NetLabs
- Company type: Private (acquired)
- Industry: Network management software
- Founded: 1989
- Founder: Unni Warrier, Anne Lam, Jon Biggar, Dan Ketcham
- Fate: Acquired by Seagate Technology; products later sold to Veritas Software and OpenService (LogMatrix)
- Headquarters: Cupertino, California, U.S.
- Products: NerveCenter, AssetManager, Vision
- Parent: Seagate Technology (1995–)

= NetLabs =

Software company

NetLabs was a software company that was founded in 1989 to address management of SNMP and CMOT (CMIP over TCP/IP) devices. CMOT was specified in RFC 1095. This RFC was subsequently obsoleted by RFC 1189. RFC 1147 mentions the company and some of its products in a catalog of network management tools. The company was acquired by Seagate Technology in 1995 as part of its Seagate Software division.

==History==
The company was founded in Los Angeles, California by Unni Warrier, Anne Lam, Jon Biggar, and Dan Ketcham. Larry Wall, the inventor of the Perl programming language, joined the company. In 1991, the company relocated to Los Altos, California.

A number of employees moved from Los Angeles to the San Francisco Bay Area to continue with the company. Around this time, Unni Warrier and Anne Lam left the company, and Andre Schwager (as CEO) and Roselie Buonauro (head of Marketing) joined.

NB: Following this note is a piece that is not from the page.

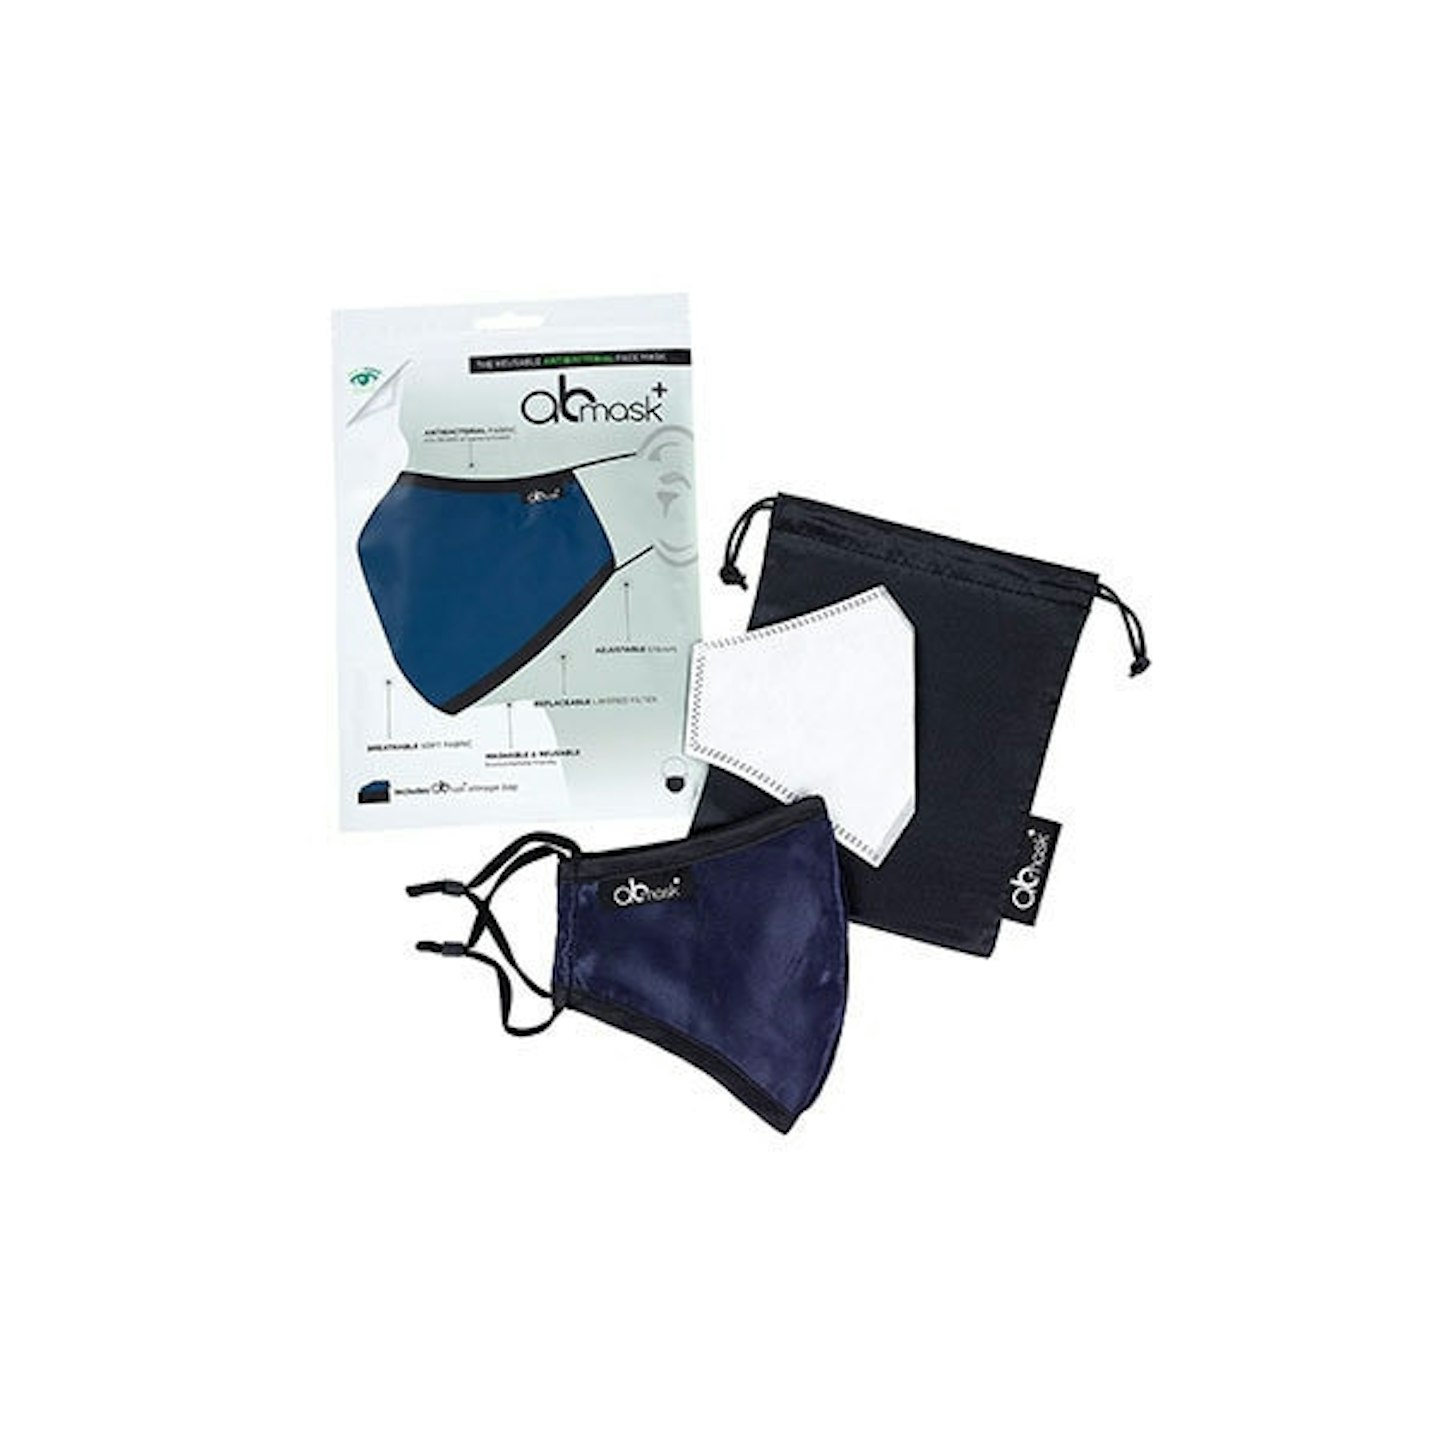 Ab Mask, Reusable Antibacterial Ab Face Mask, 1 mask for £9.99
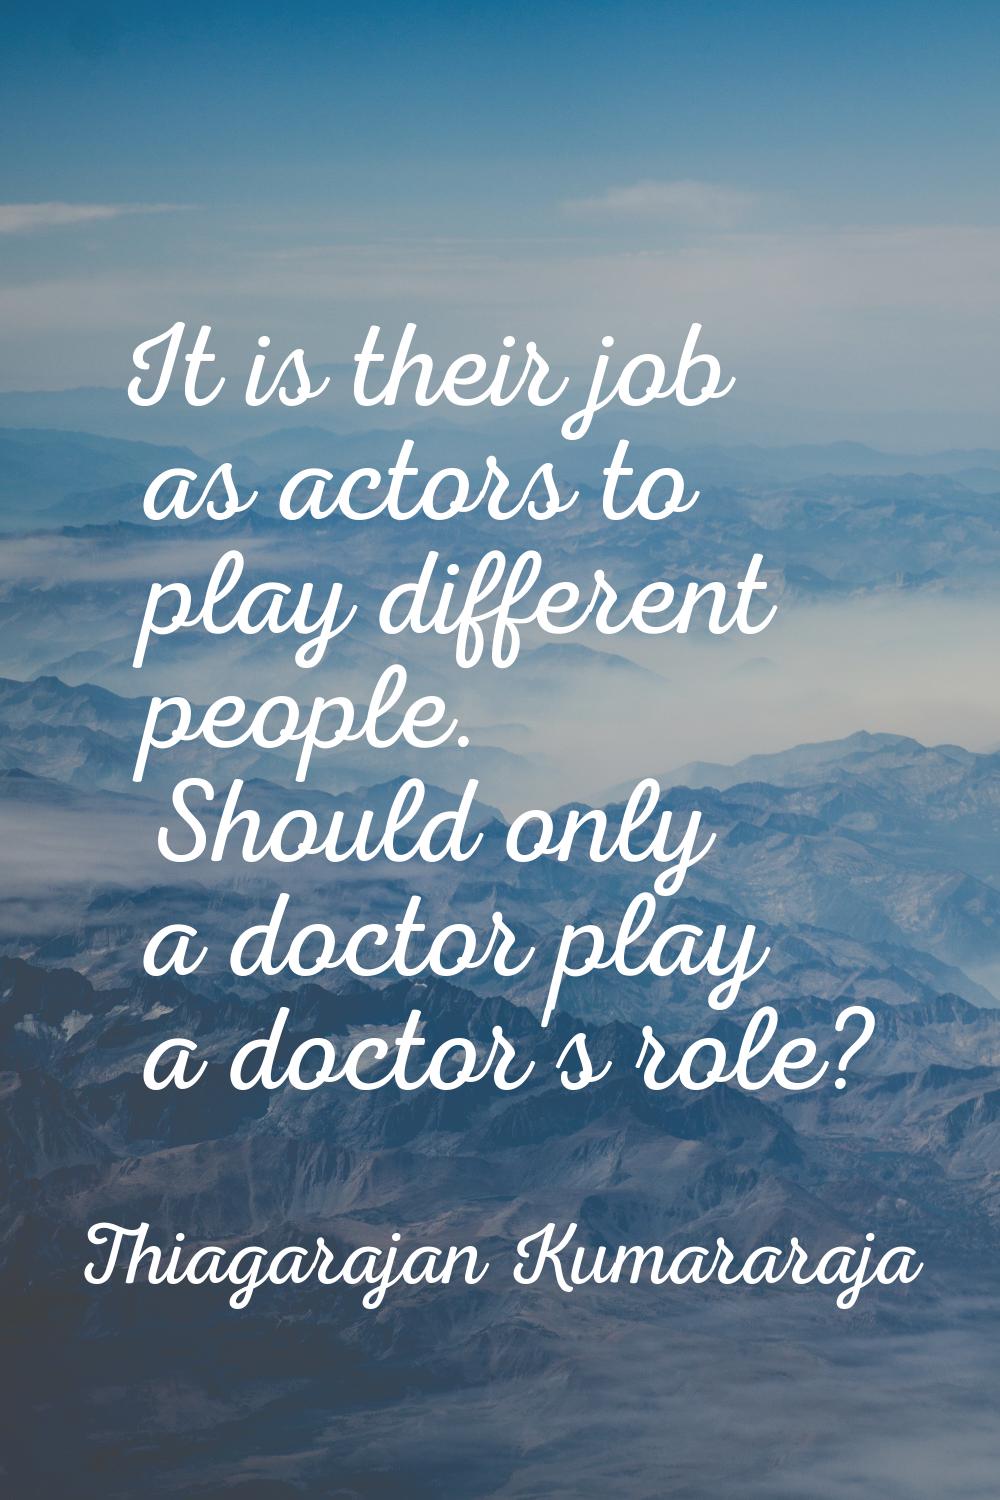 It is their job as actors to play different people. Should only a doctor play a doctor's role?

After being acquired by Seagate (announced March 20, 1995), the company moved to Cupertino, California. Seagate Software later sold the Network and Storage Management Group to Veritas Software, which in turn sold some of the software to OpenService, Inc. OpenService later changed its name to LogMatrix.

==Products==
NetLabs products included:

- NerveCenter - network management console with correlation engine
- AssetManager - networked computing asset database with auto-discovery
- Vision - WYSIWYG network element panel simulator

The network management marketplace during the years before it was acquired included HP (OpenView), Sun (SunNet Manager, and Solstice Enterprise Manager), Cabletron (Spectrum) and others. NetLabs licensed software to Sun. It also released a version of software that would allow it to coexist and augment OpenView instead of directly competing.

Ultimately, one of the products, NerveCenter, is being offered by LogMatrix.